PySensors 2.0: A Python Package for Sparse Sensor Placement
Karnik, Niharika, Bhangale, Yash, Abdo, Mohammad G., Klishin, Andrei A., Cogliati, Joshua J., Brunton, Bingni W., Kutz, J. Nathan, Brunton, Steven L., Manohar, Krithika
PySensors is a Python package for selecting and placing a sparse set of sensors for reconstruction and classification tasks. In this major update to PySensors, we introduce spatially constrained sensor placement capabilities, allowing users to enforce constraints such as maximum or exact sensor counts in specific regions, incorporate predetermined sensor locations, and maintain minimum distances between sensors. We extend functionality to support custom basis inputs, enabling integration of any data-driven or spectral basis.

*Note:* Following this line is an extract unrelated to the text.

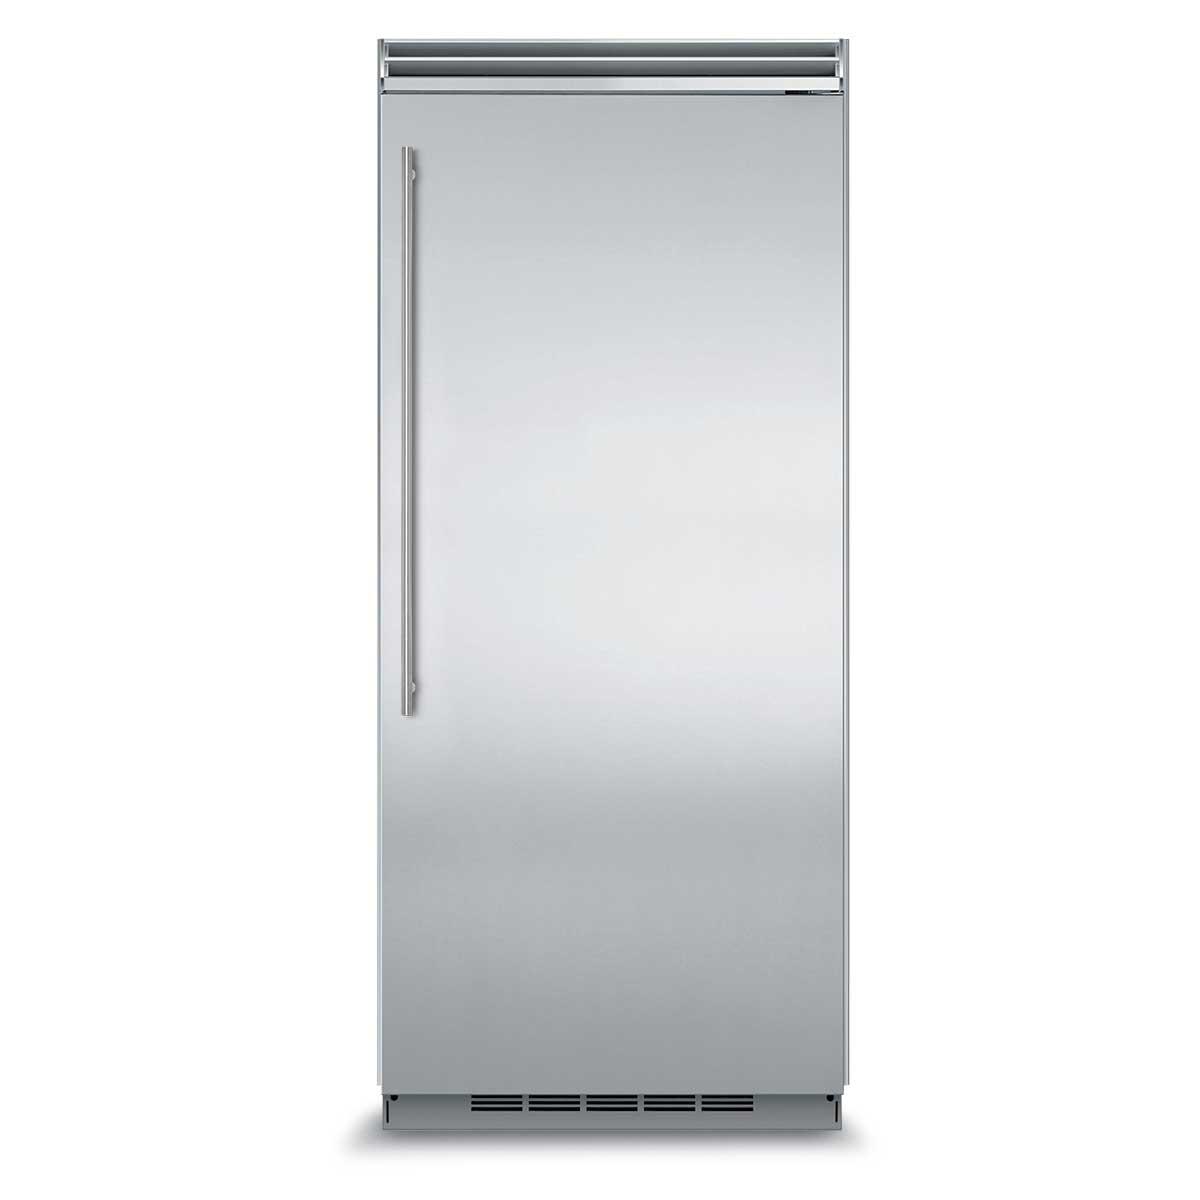 "Model: MP36FA2LS | Marvel  Marvel Professional Built-In 36"" All Freezer- Solid Stainless Steel Door   Left Hinge, Slim Designer Handle"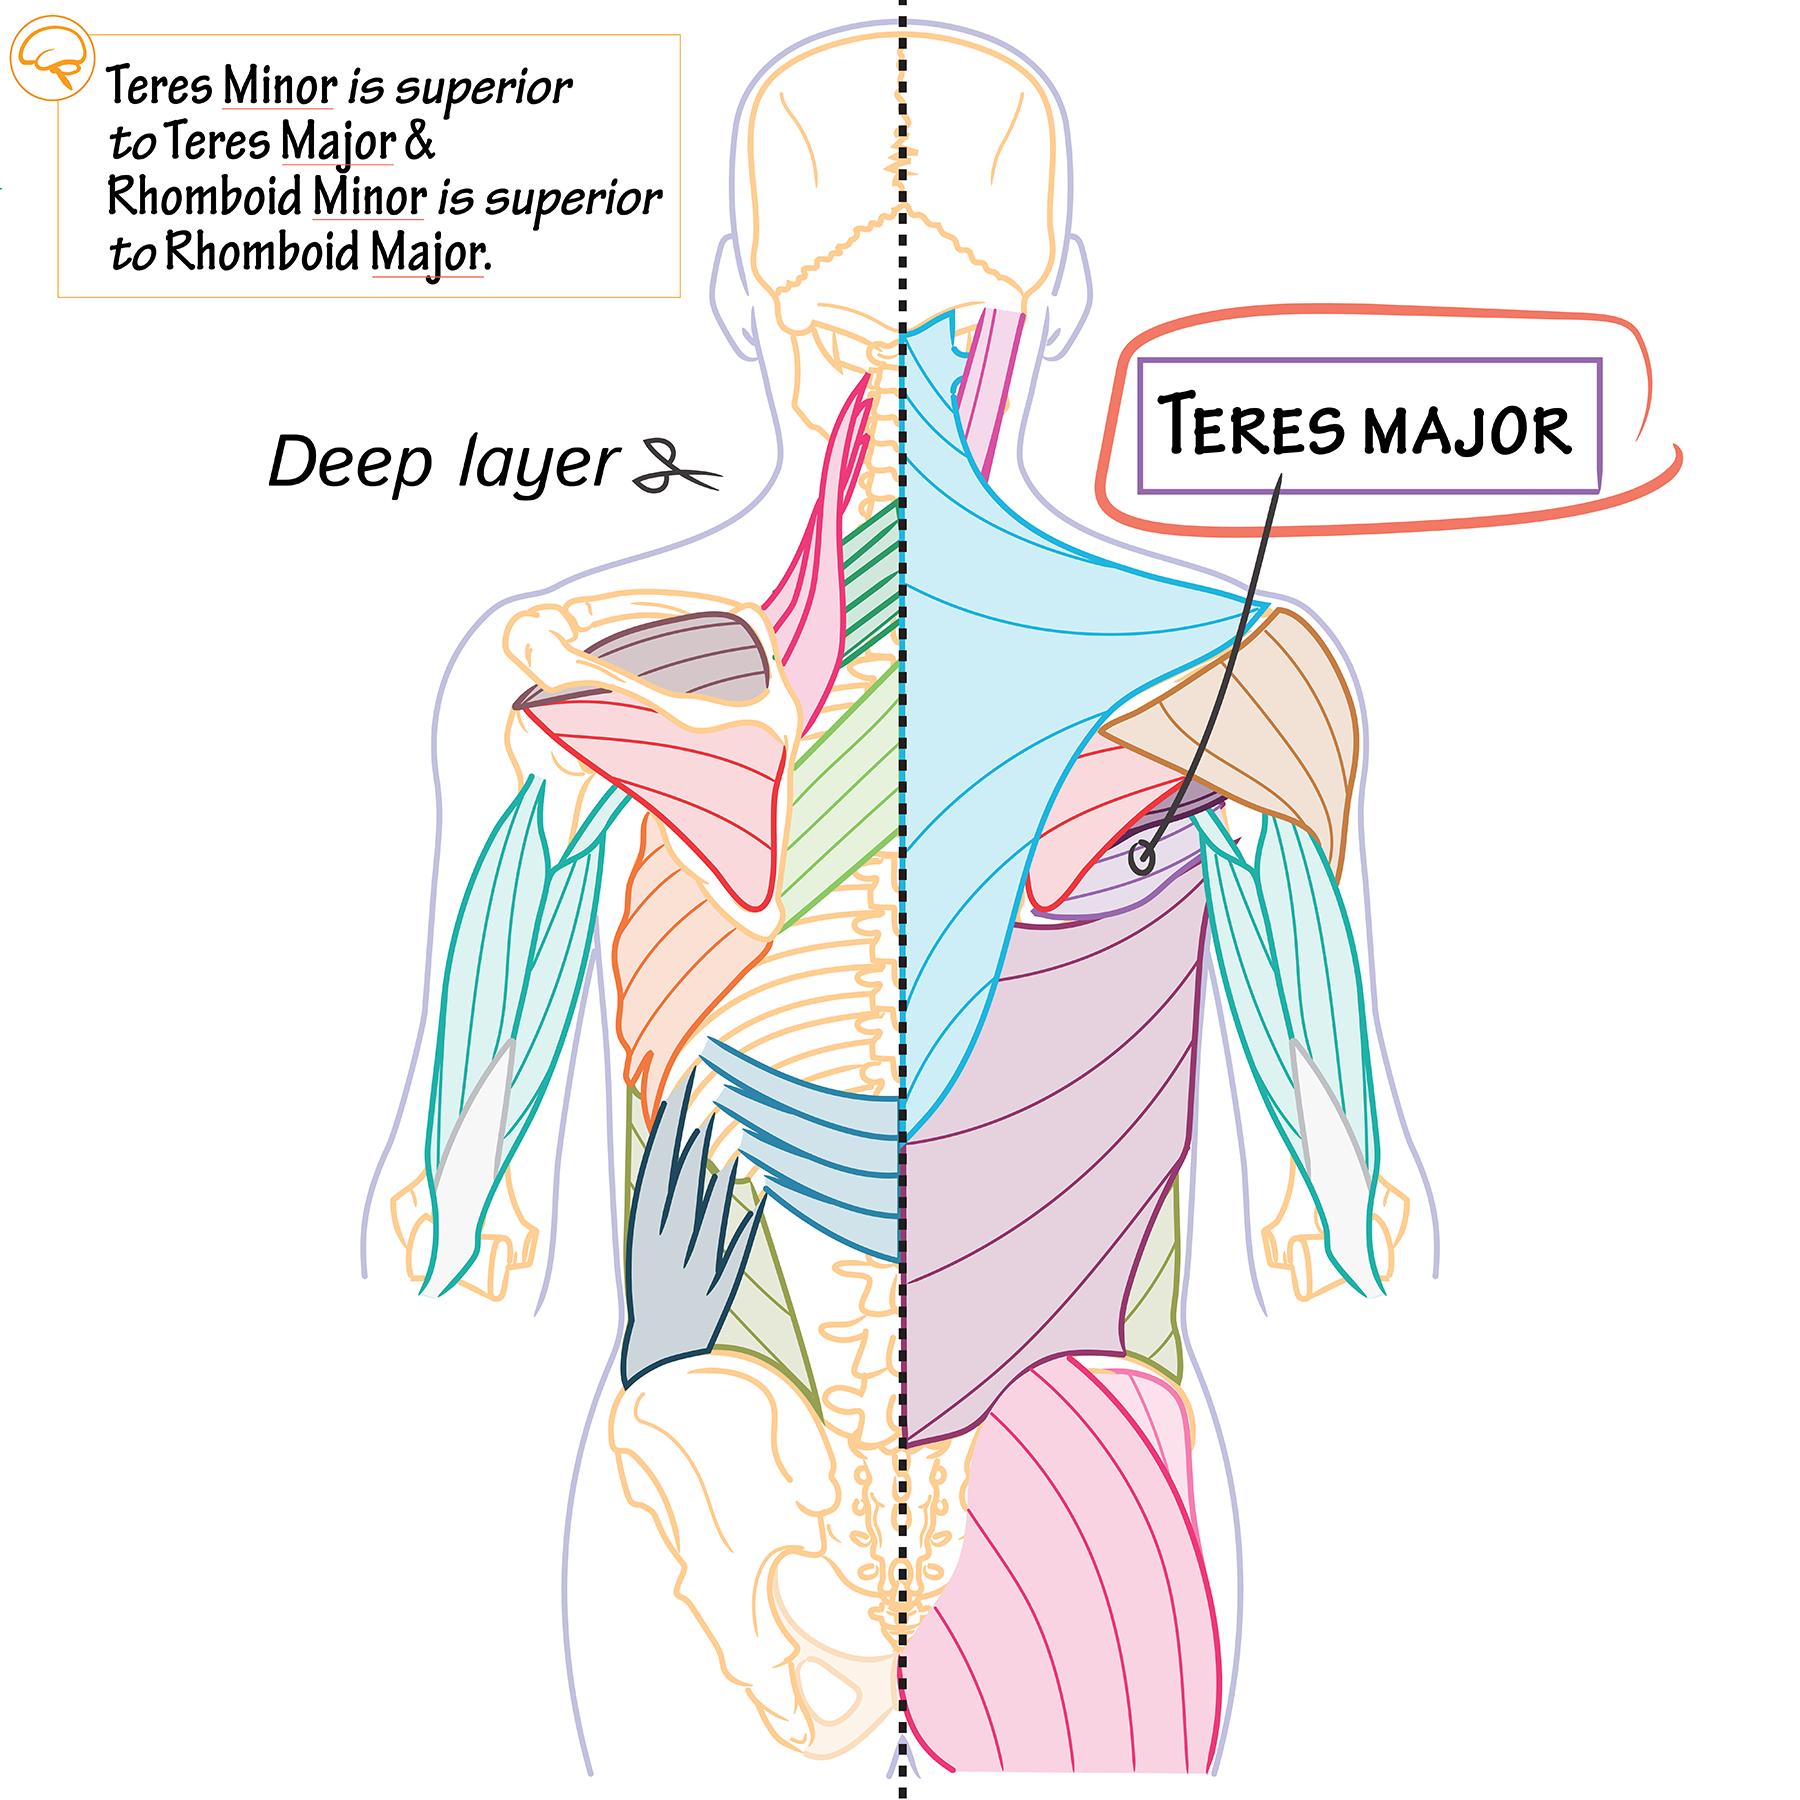 Gross Anatomy Glossary: Teres major | Draw It to Know It

We also propose a thermodynamic approach that goes beyond a single "optimal" sensor configuration and maps the complete landscape of sensor interactions induced by the training data. This comprehensive view facilitates integration with external selection criteria and enables assessment of sensor replacement impacts. The new optimization technique also accounts for over- and under-sampling of sensors, utilizing a regularized least squares approach for robust reconstruction. Additionally, we incorporate noise-induced uncertainty quantification of the estimation error and provide visual uncertainty heat maps to guide deployment decisions. To highlight these additions, we provide a brief description of the mathematical algorithms and theory underlying these new capabilities. We demonstrate the usage of new features with illustrative code examples and include practical advice for implementation across various application domains. Finally, we outline a roadmap of potential extensions to further enhance the package's functionality and applicability to emerging sensing challenges.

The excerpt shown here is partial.